Assignment

Extra Session: Lorenz Attractor

You now have the full workflow for a first chaos experiment: define the Lorenz vector field, integrate the trajectory numerically, visualize the attractor in three dimensions, and compare nearby initial conditions (Lorenz 1963; Strogatz 2024).

You can follow the guide here:

Lorenz Attractor Sensitivity and Chaos

Summary of Goals

Your submission should show that you can do three things:

Implement and simulate the Lorenz system correctly.
Visualize both the attractor and the divergence of nearby trajectories.
Explain why the system is deterministic but still hard to predict over long times.

Submission

Submit two files:

Code that reproduces your figures.
A short report, 1 to 2 pages, that explains your observations.

Required

Implement lorenz() and simulate_lorenz() using forward Euler time stepping.
Plot one three-dimensional trajectory for the standard parameter choice $s=10$, $r=28$, $b=8/3$.
Run two simulations with slightly different initial conditions and compare them over the same time window.
Plot the pointwise separation between the two trajectories as a function of time.
Compare at least two values of r and describe how the qualitative behavior changes.

Short Discussion

Include a brief paragraph that answers these questions:

For how long do the nearby trajectories remain visually close?
Does the system appear random, periodic, or something in between?
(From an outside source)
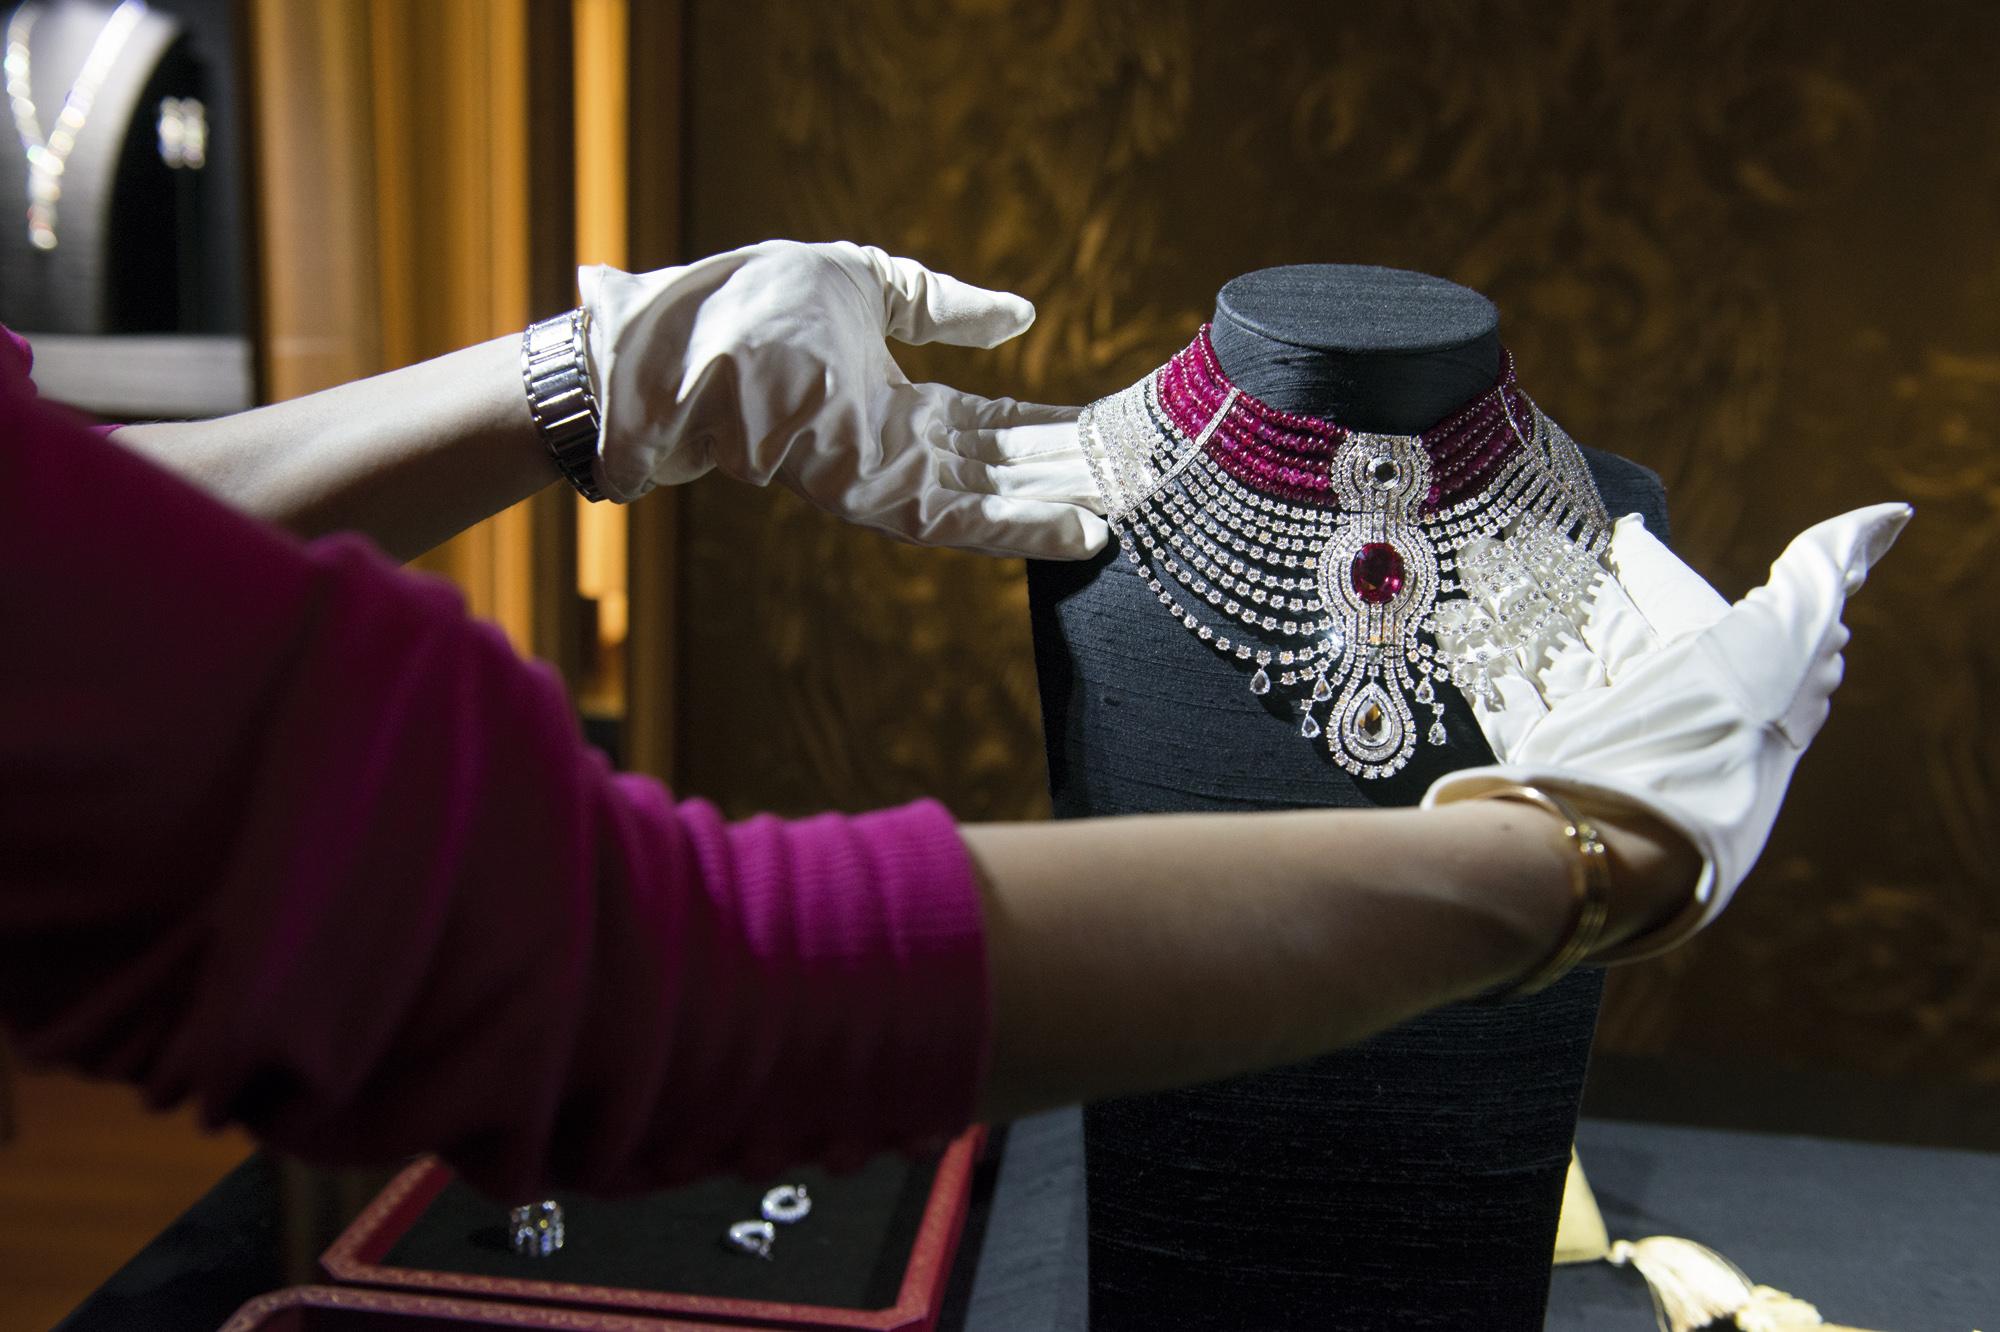 Cartier le collier reine 2000 1332 a l l t for Haute joaillerie cartier

Explain.
What role does the parameter r seem to play in the shape or complexity of the trajectory?

Optional Extensions

Replace Euler’s method by a higher-order integrator and compare the trajectories.
Estimate the growth rate of the separation during the early part of the simulation.
Plot only one coordinate, for example $x(t)$, and compare the two runs in time.
Explore other initial conditions on the same attractor.

Tips for Success

Start with a small dt, such as 0.01, before you vary parameters.
Use the same dt and number of steps when you compare two trajectories.
Plot the separation on a logarithmic vertical axis if the early growth is hard to see.
Keep the parameter comparison focused. Two or three values are enough if you interpret them well.

Tip

Reference code is available in amlab/extra/lorenz_attractor.py.

Good luck.

References

Lorenz, Edward N. 1963. “Deterministic Nonperiodic Flow.” Journal of the Atmospheric Sciences 20 (2): 130–41. https://doi.org/10.1175/1520-0469(1963)020<0130:DNF>2.0.CO;2.

Strogatz, Steven H. 2024. Nonlinear Dynamics and Chaos: With Applications to Physics, Biology, Chemistry, and Engineering. Chapman; Hall/CRC.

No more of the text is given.